- Extracted entries -

★ ★ ★ ★ ★ ★ ★

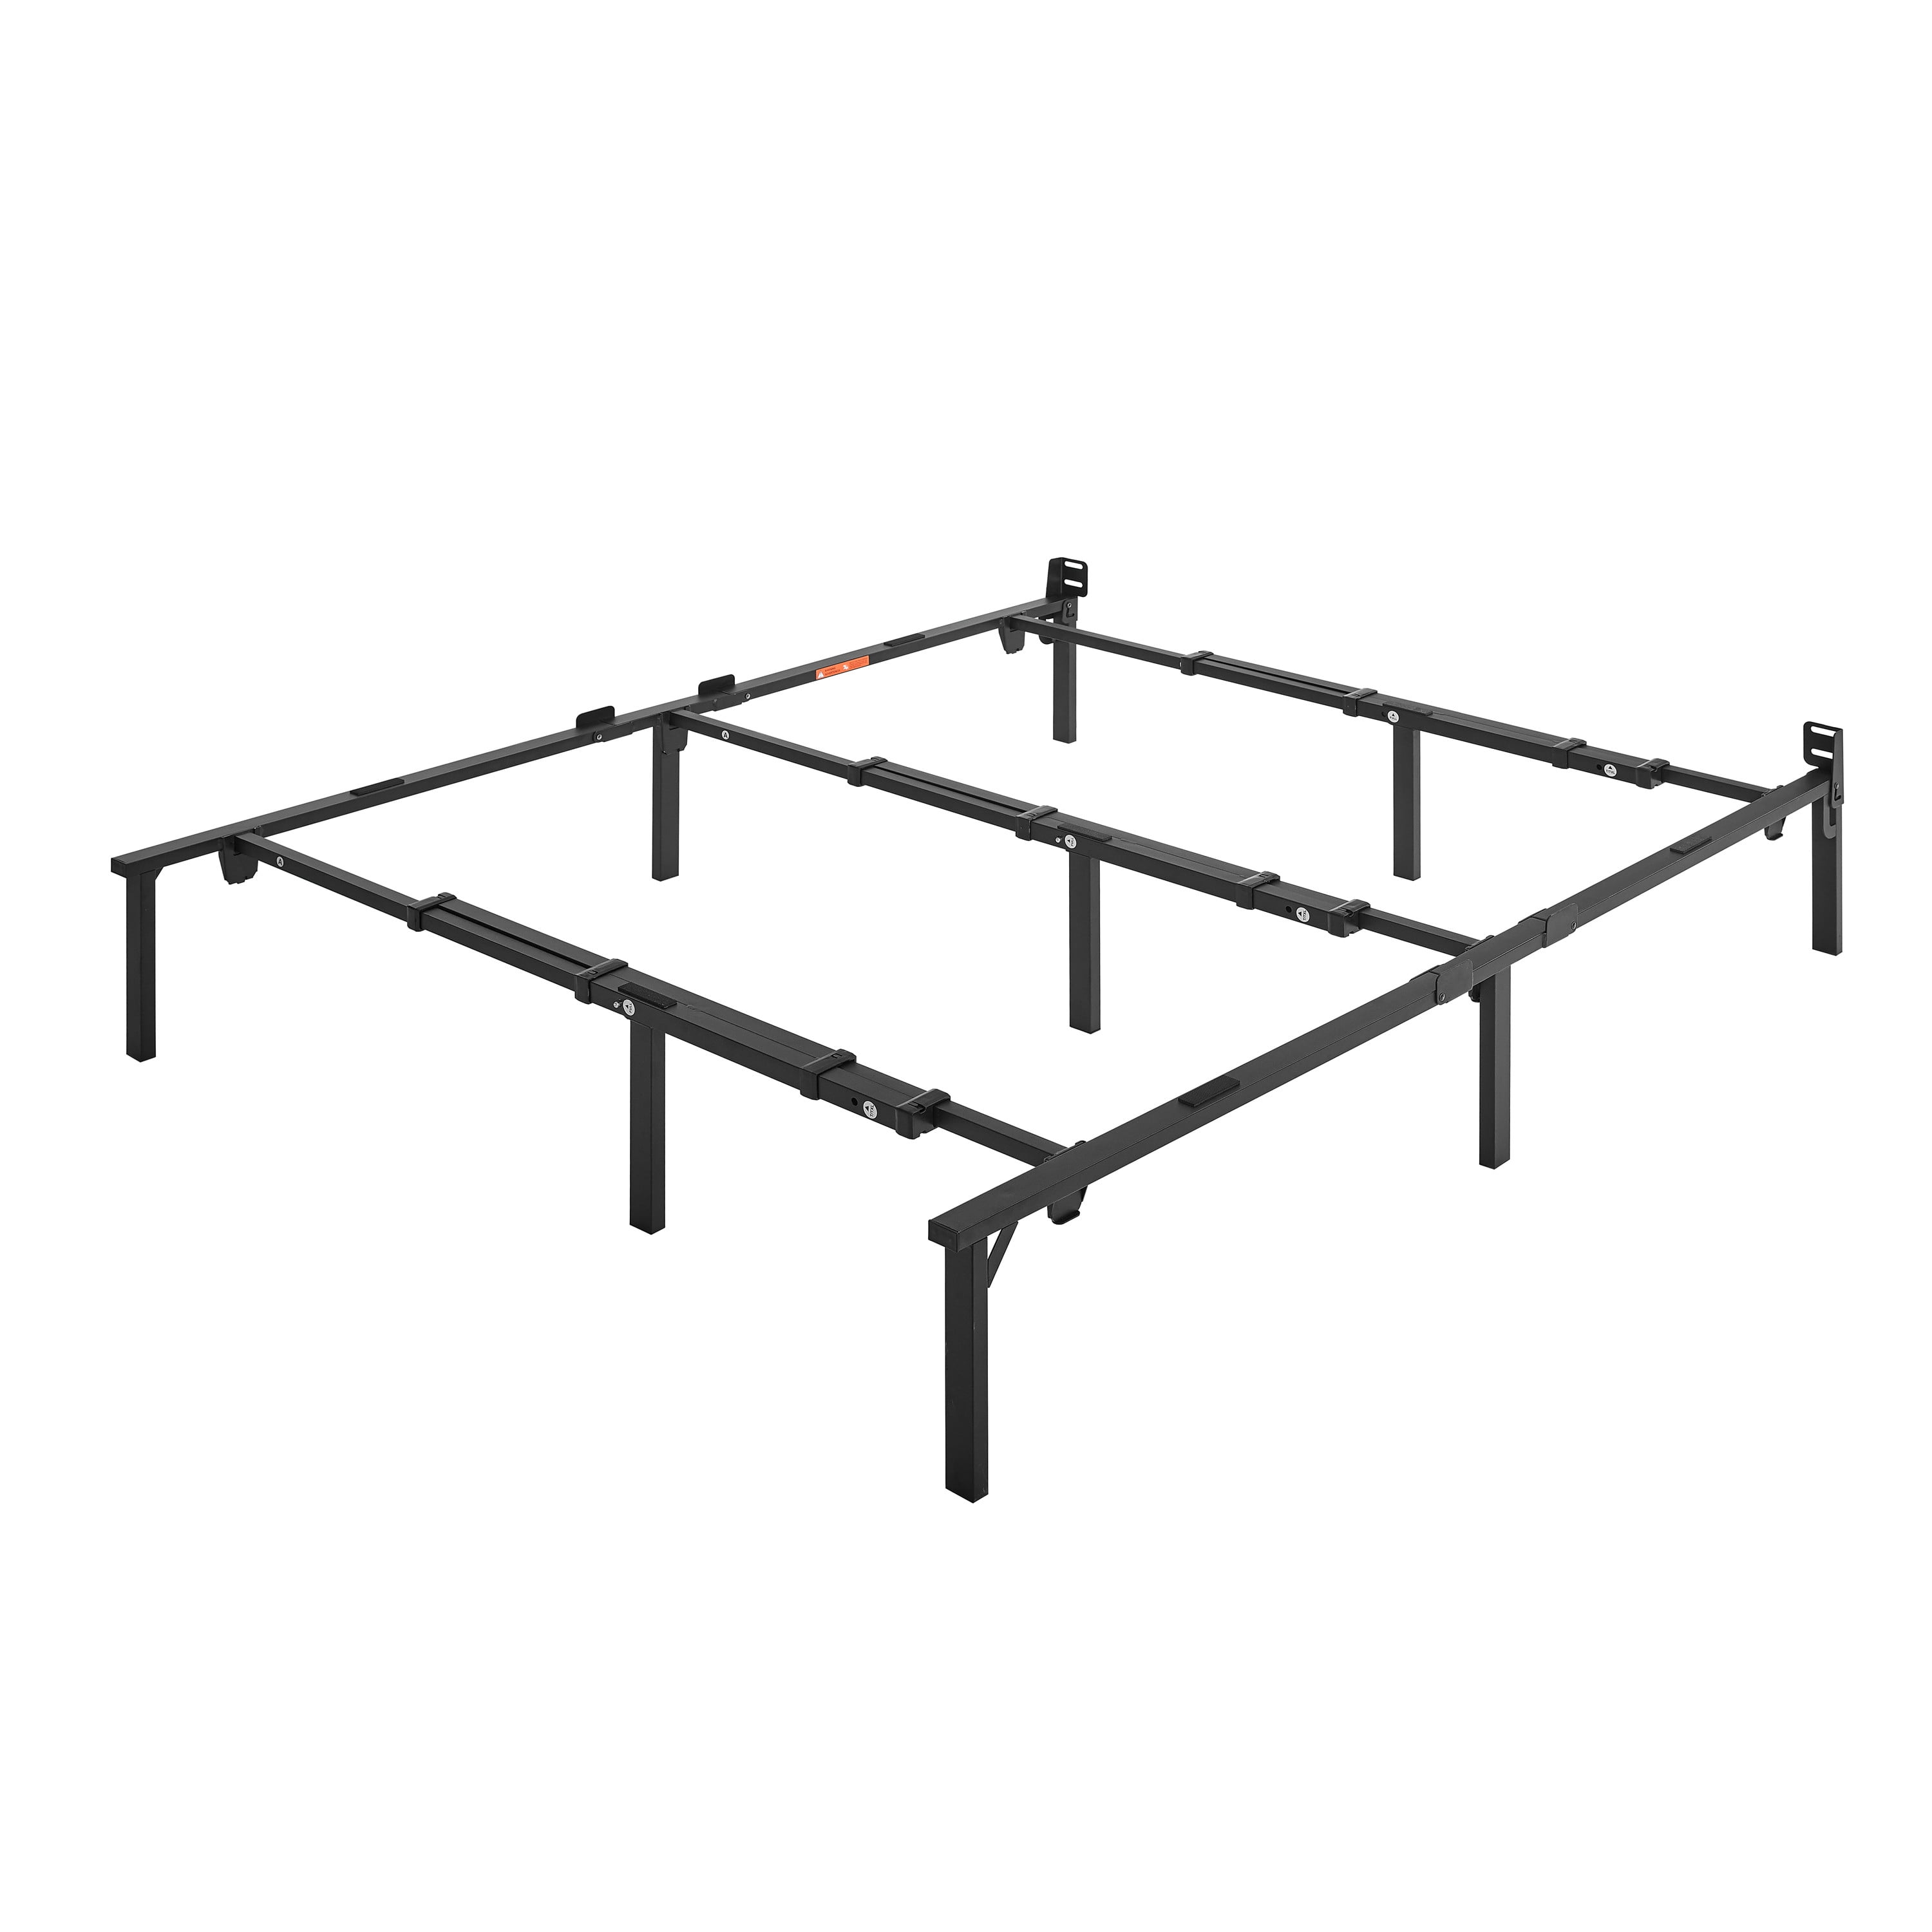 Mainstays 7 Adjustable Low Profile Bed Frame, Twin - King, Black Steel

★ ★ ★ ★ ★ ★ ★

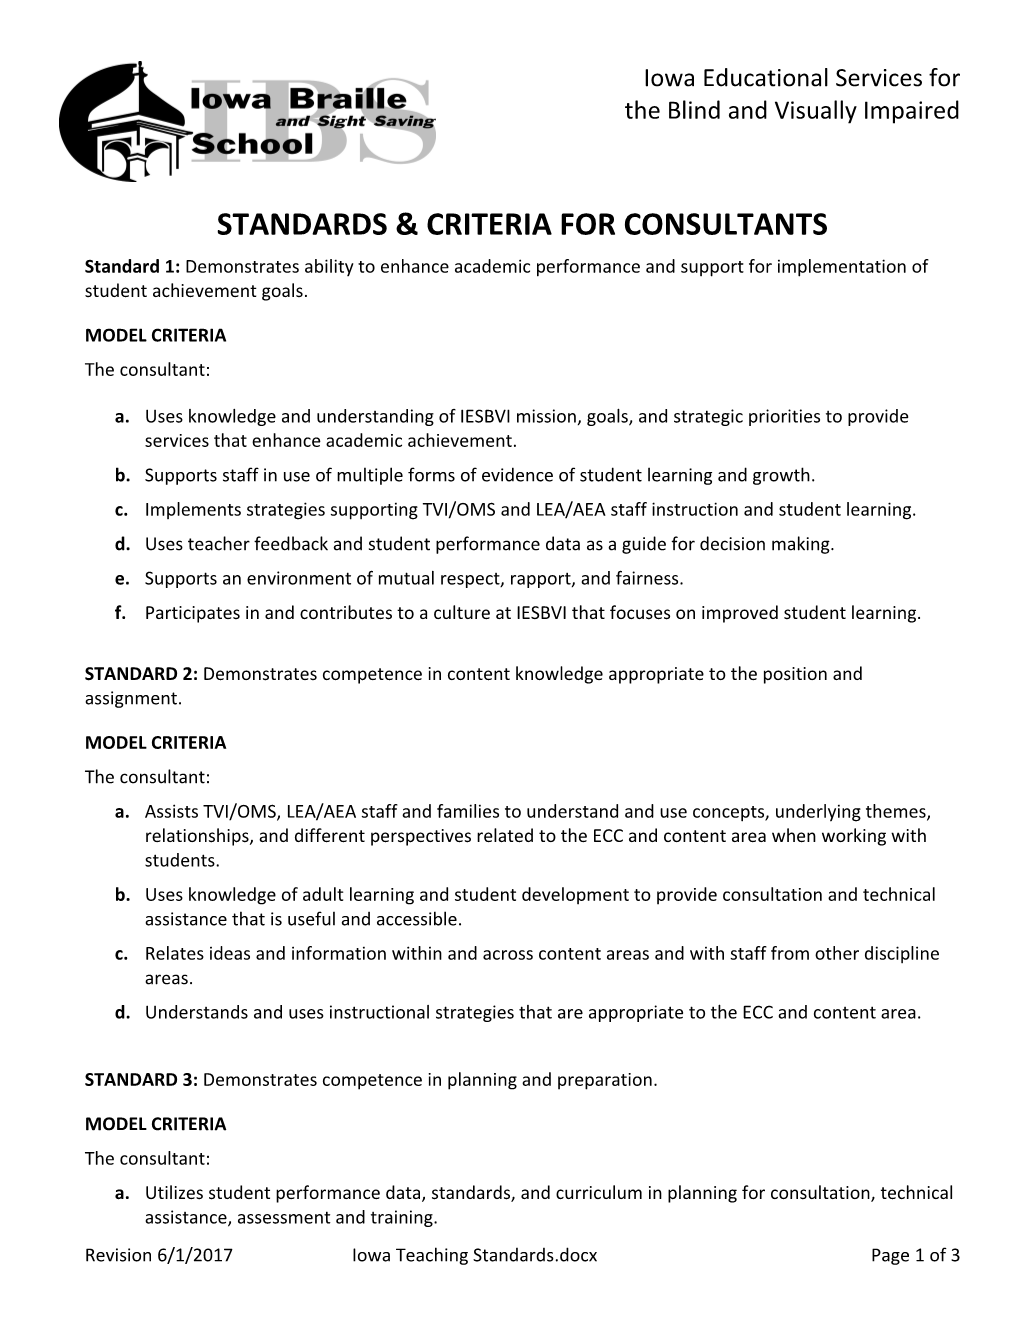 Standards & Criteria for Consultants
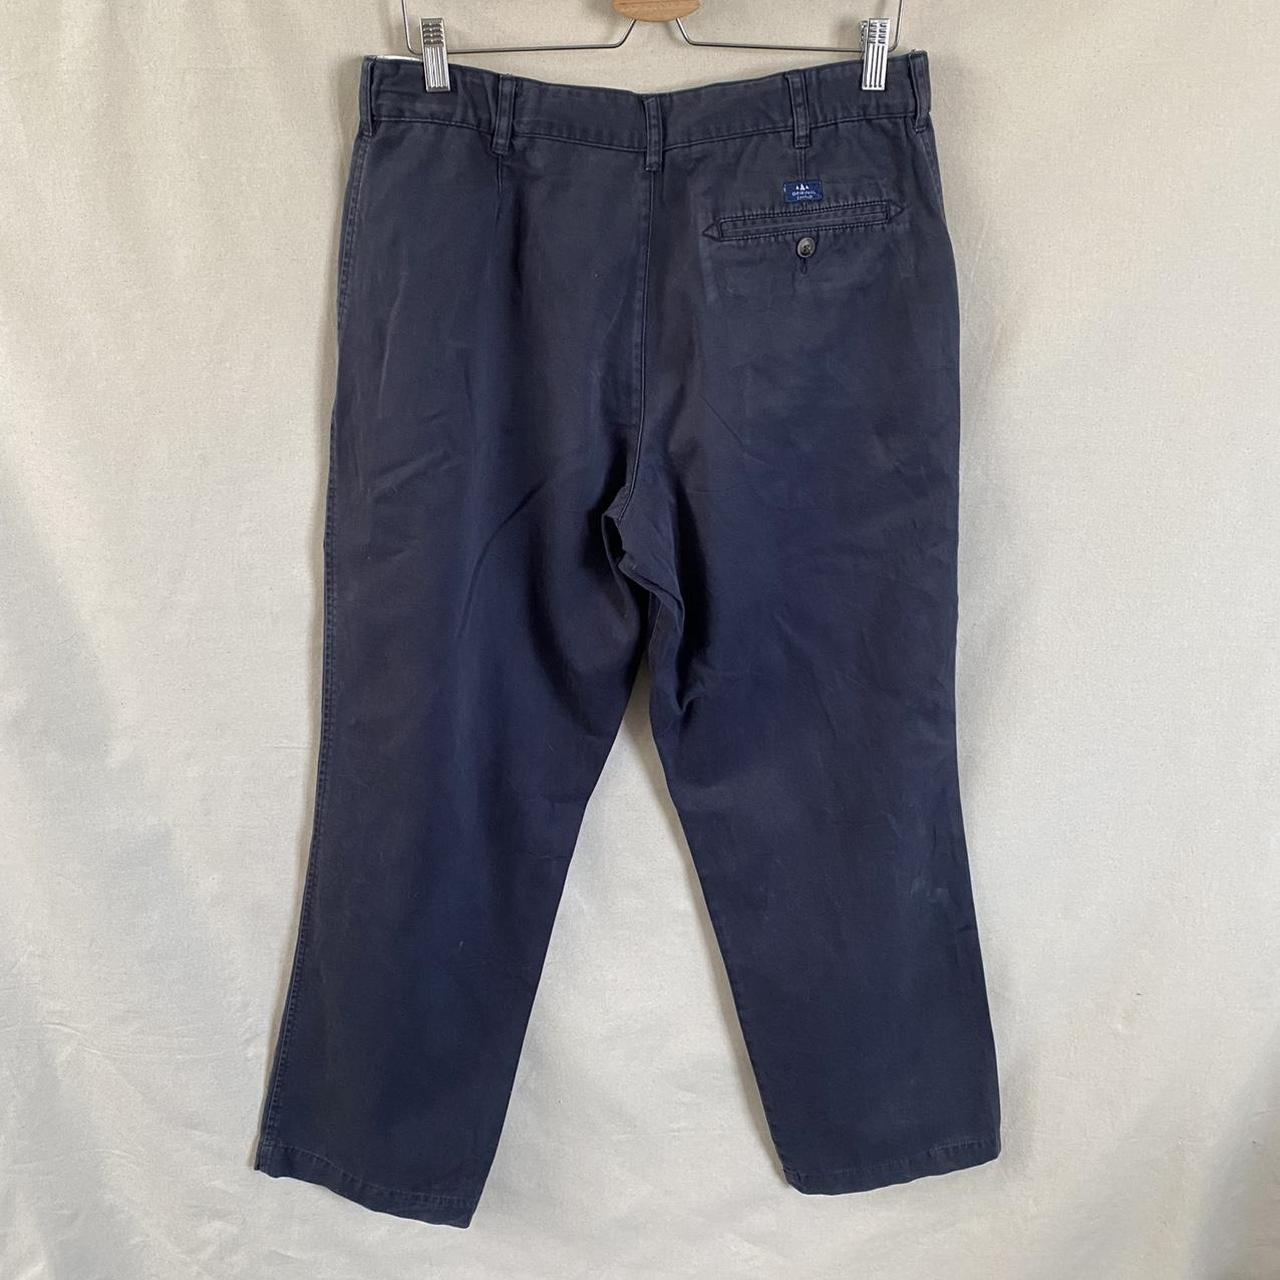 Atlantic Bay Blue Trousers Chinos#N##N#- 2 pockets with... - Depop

★ ★ ★ ★ ★ ★ ★

- Task prompt -
Copy only these lines from the records above, exactly: the one with "Standards & Criteria for Consultants", the one with "Atlantic Bay Blue", and those between. Skip the pictures.

- Answer to this exercise -
 Standards & Criteria for Consultants
 Atlantic Bay Blue Trousers Chinos#N##N#- 2 pockets with... - Depop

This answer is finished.